■ Task instructions:
Going line by line through the records below, write out everything starting with the line containing "Blick auf den" and going on through the line containing "Lindby Leonta LED", exactly and inclusively. Pictures do not go in.

■ Records to process:
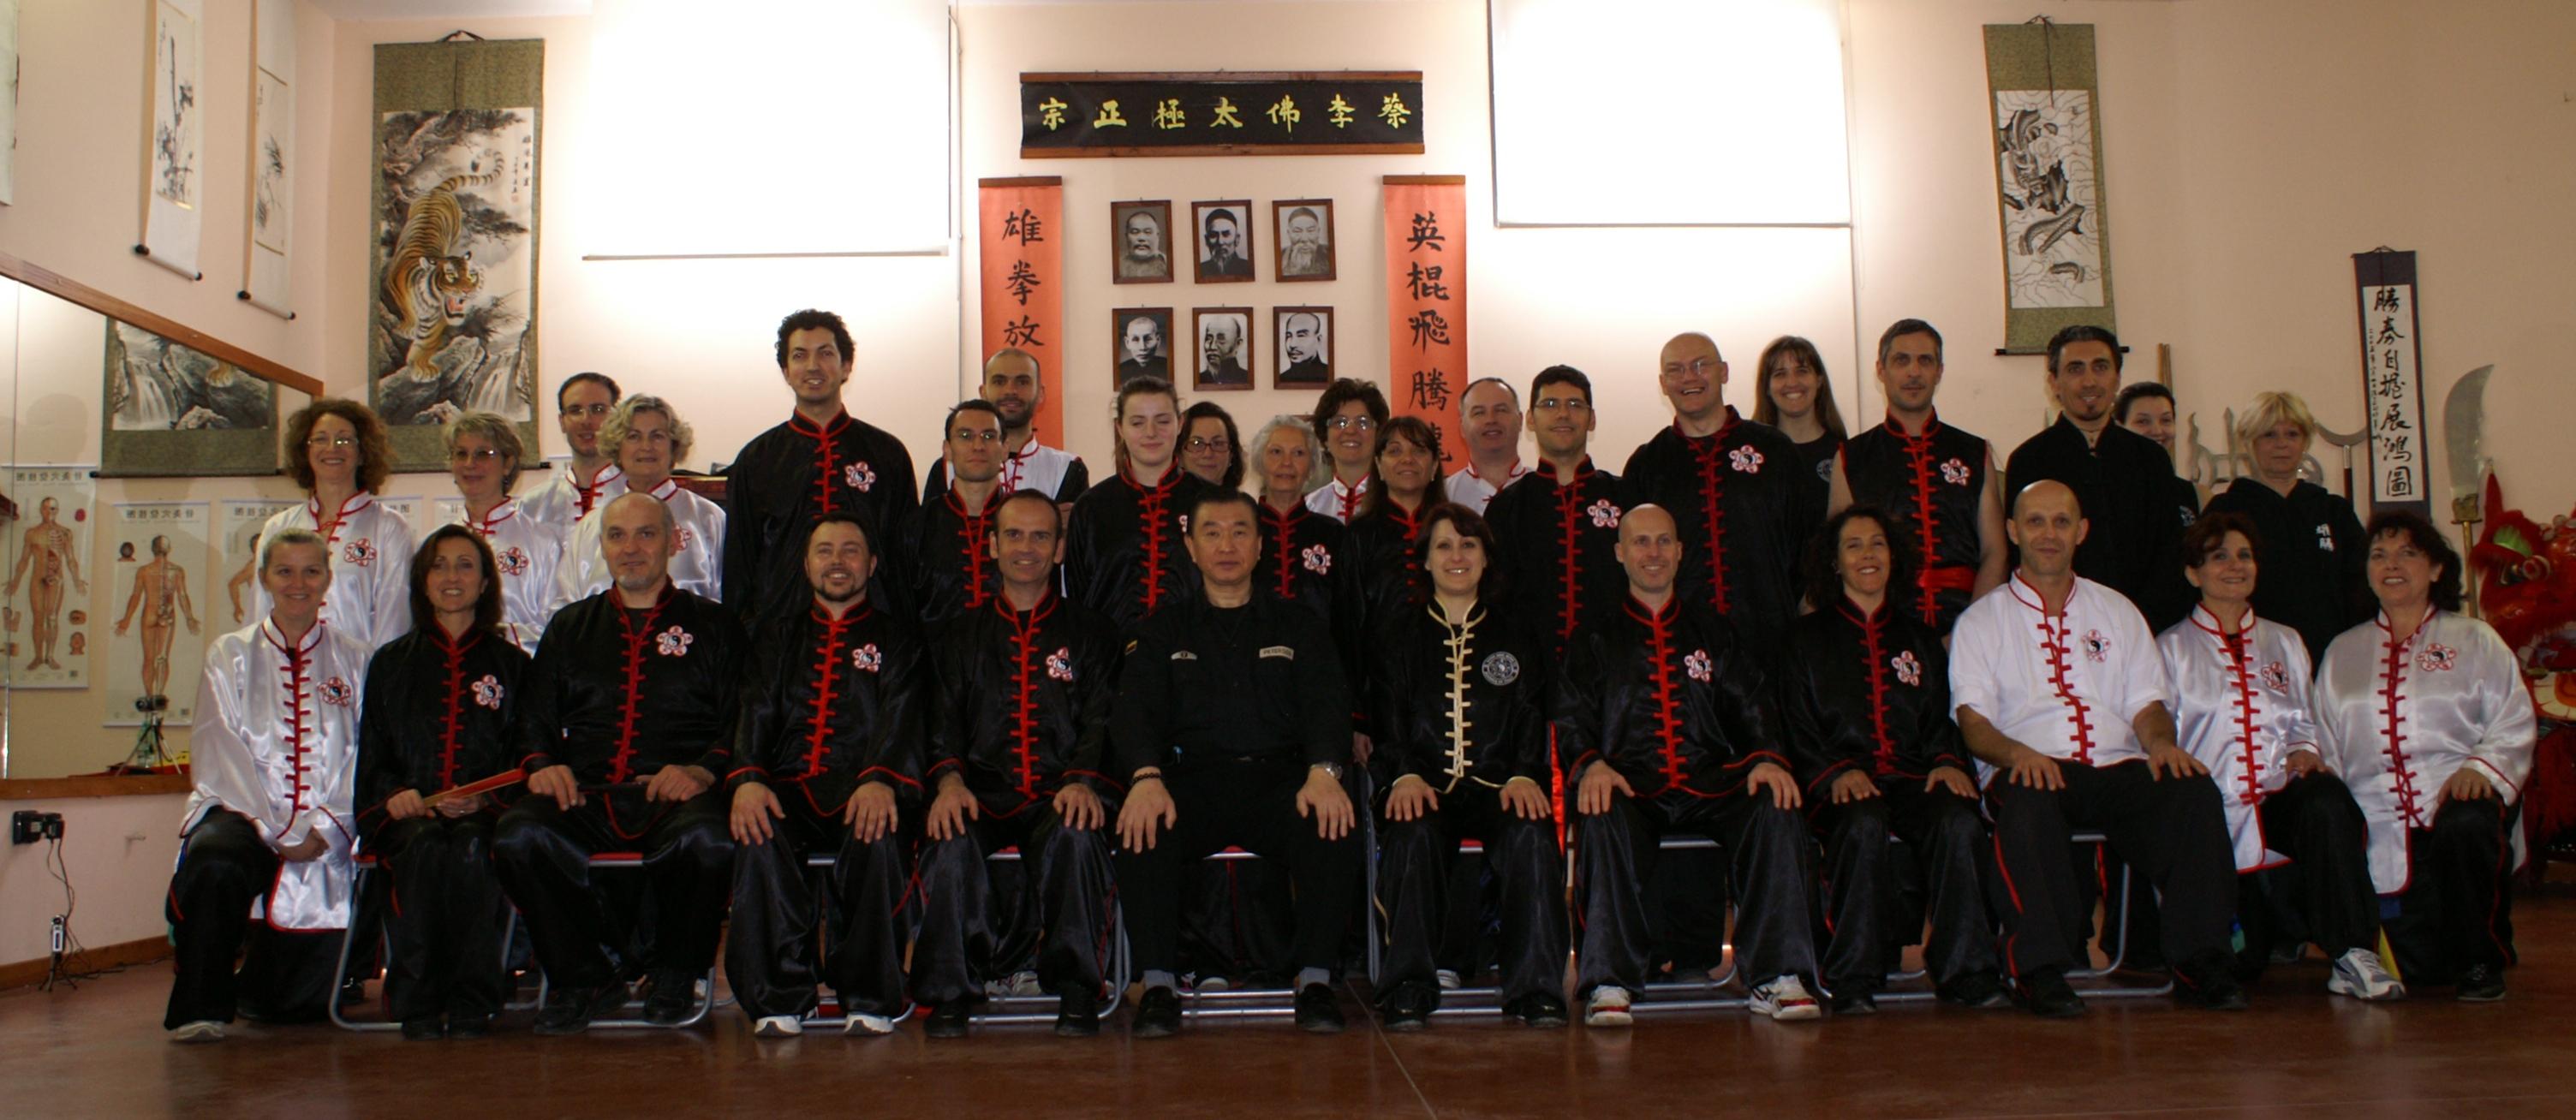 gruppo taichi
--
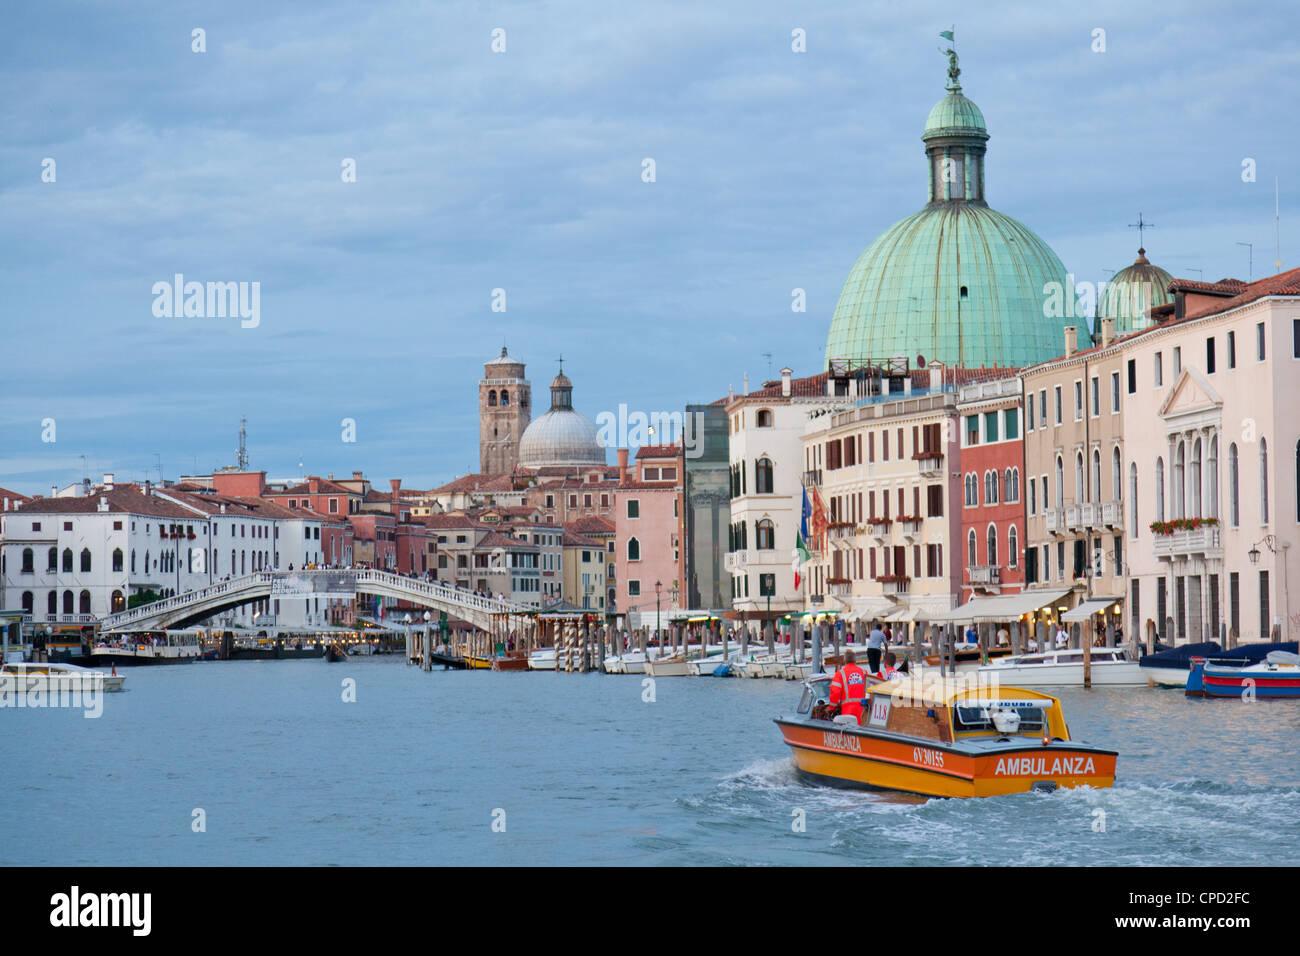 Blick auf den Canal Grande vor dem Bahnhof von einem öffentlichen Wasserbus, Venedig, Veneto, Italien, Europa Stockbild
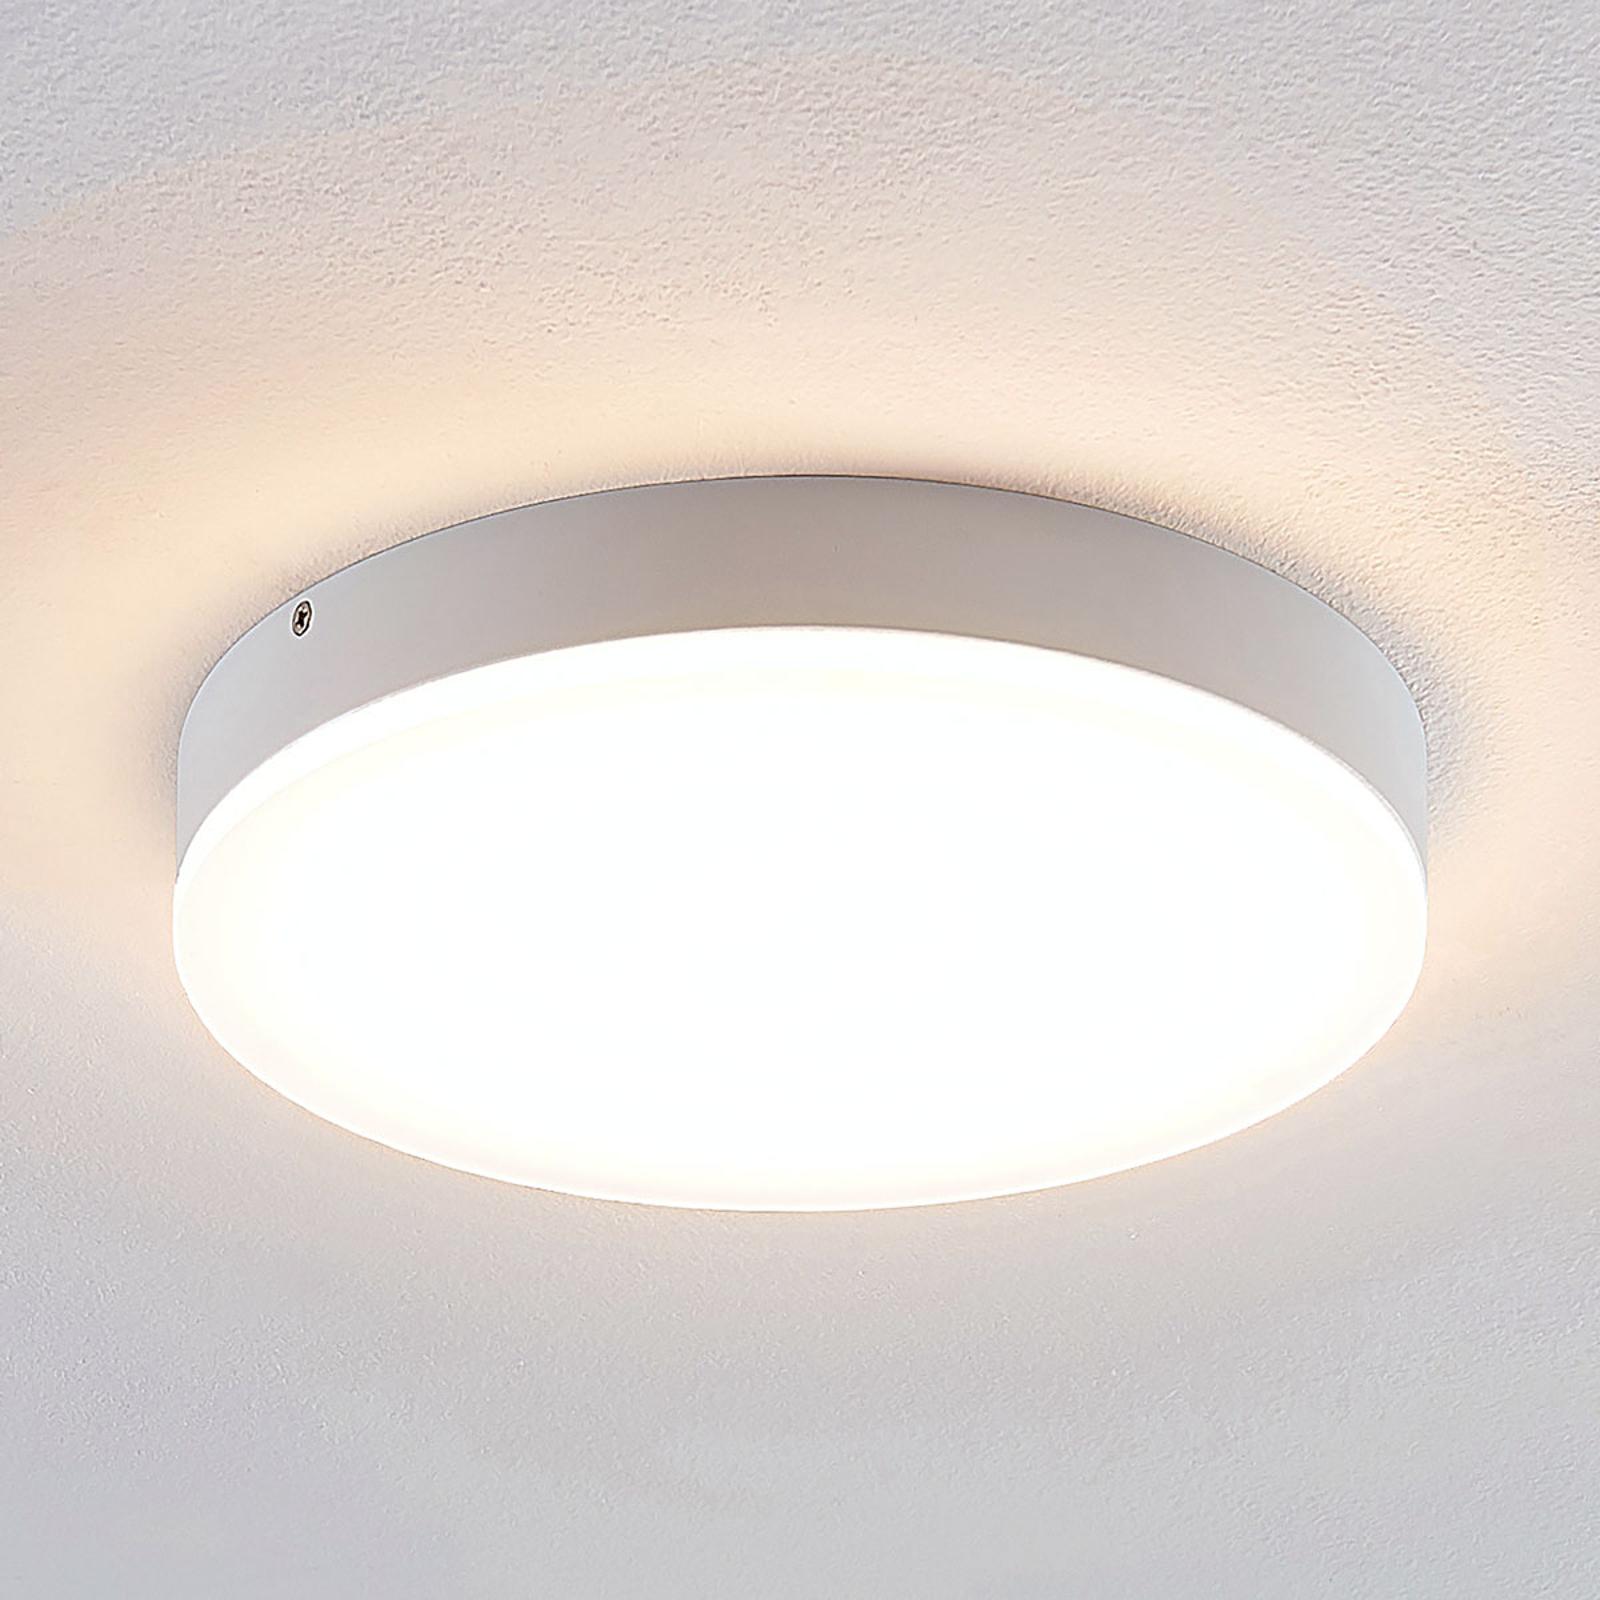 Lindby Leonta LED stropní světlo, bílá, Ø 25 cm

■ Answer to the exercise:
 Blick auf den Canal Grande vor dem Bahnhof von einem öffentlichen Wasserbus, Venedig, Veneto, Italien, Europa Stockbild
 Lindby Leonta LED stropní světlo, bílá, Ø 25 cm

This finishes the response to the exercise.